I've come round but the sky

is not the same. Yesterday I

was a child now I am a man

the world grows, a shifting design

and every single rose, you’ll find

is different than the rose in mind.

Translated by Holly Woodward

Adapted fromWikipedia:

Robert Desnos was a French surrealist poet who fought in the Résistance during the Nazi occupation. The Gestapo arrested and deported him to Auschwitz, then Buchenwald, Flossenburg, and Terezin.

One day, Desnos and other prisoners were taken in the back of a flatbed truck; they knew the truck was going to the gas chamber; no one spoke. Soon the truck stopped and the guards ordered them off. When they began to move toward the gas chamber, suddenly Desnos jumped out of line and grabbed the hand of the woman in front of him. He was animated and he began to read her palm. He told her that she would have a long life, many grandchildren, abundant joy. A person nearby offered his palm to Desnos. Here, too, Desnos foresaw a long life filled with happiness and success. The other prisoners came to life, eagerly thrusting their palms toward Desnos and, in each case, he foresaw long and joyous lives.

The guards became visibly disoriented. Minutes before, they were on a routine mission the outcome of which seemed inevitable, but now they became tentative. Desnos was so effective in creating a new reality that the guards were unable to go through with the executions. They ordered the prisoners back onto the truck and took them back to the barracks. Desnos never was executed.

Desnos died in "Malá pevnost", which was an inner part of Terezín used only for political prisoners, from typhoid, only weeks after the camp's liberation. The poems he wrote during his imprisonment were accidentally destroyed after his death.

Sunday, September 18, 2011

In memory of my father


Blue Hunter

On his birthday, three decades after his death,

my father’s soul feels so far off—lost.

I wrote his other child, though we rarely met.

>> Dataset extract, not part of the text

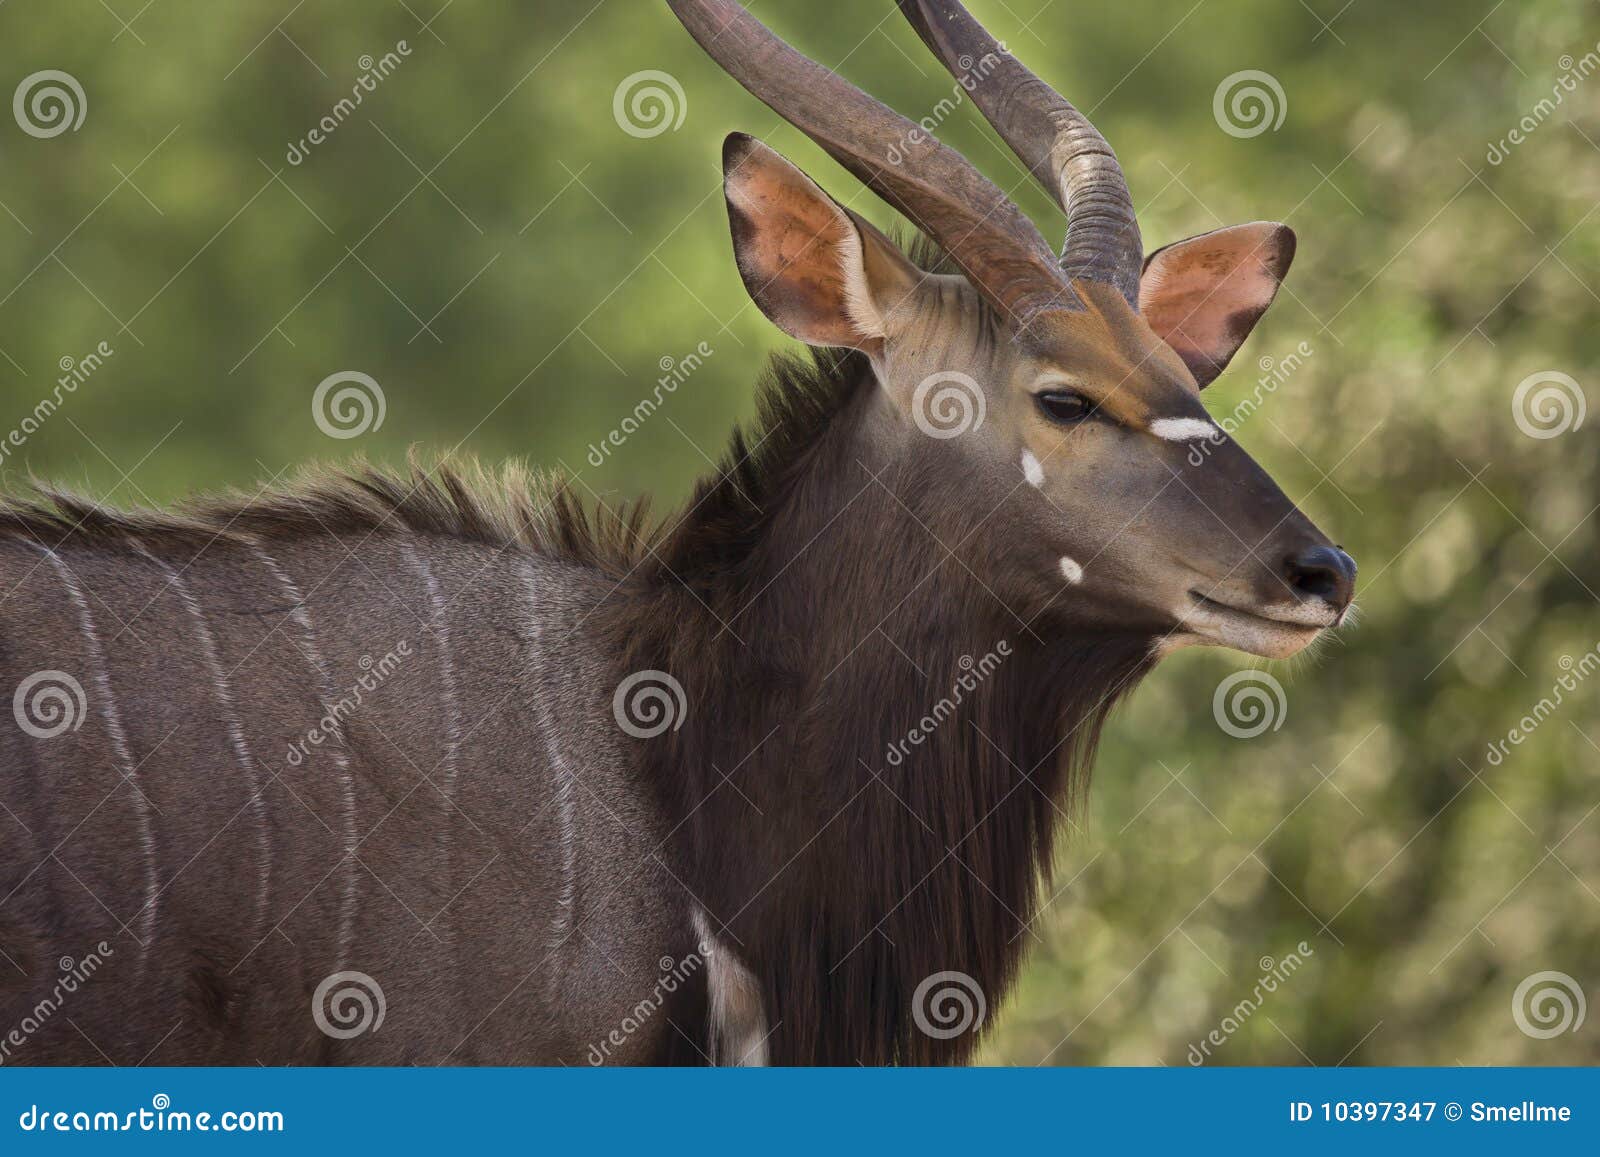 nyala antelope male

She said she thought of him too, on Ayers Rock—

his memory still encircled the earth

a hundred years after his birth.

The one gift I know his two daughters share,

the one light that reaches from here to there,

he taught me at night on our back lawn,

great Orion, killed by his own love.

Dad showed me the nova where new stars form,

his blue knee, Rigel, and Betelgeuse above—

it’s dying, but the emptiness is so vast

we will feel nothing of its shattering blast.

If I could grasp the distance of that star,

would the dark years between us feel so far?

Tuesday, August 2, 2011

In Memory of My Mother, ten years after.

My mother died ten years ago, but she still comes to my dreams.

Hovering

The white ibis glides overhead

to the far side of Turnball Bay—

the distance between what was said

and all I wished I could say.


Before me, the muscled tides flow,

and sharp winds cut back at the waves

so I can’t see what lies below—

those secrets the dark water saves.


The sea grass curves in question marks

around my searching, submerged hand.

Blue, broken shells like heaven shards

lie on the narrow strip of sand.


Whichever shoreline I walk to,

the wild birds fly to the other.

This morning divides me from you,

but the birdcalls echo over.

In Memory of September 11th, 2001

This was written in September 2002, in NYC,

when there was a sense of waiting for the next catastrophe.

But nothing happened, not even the leaves fell that month.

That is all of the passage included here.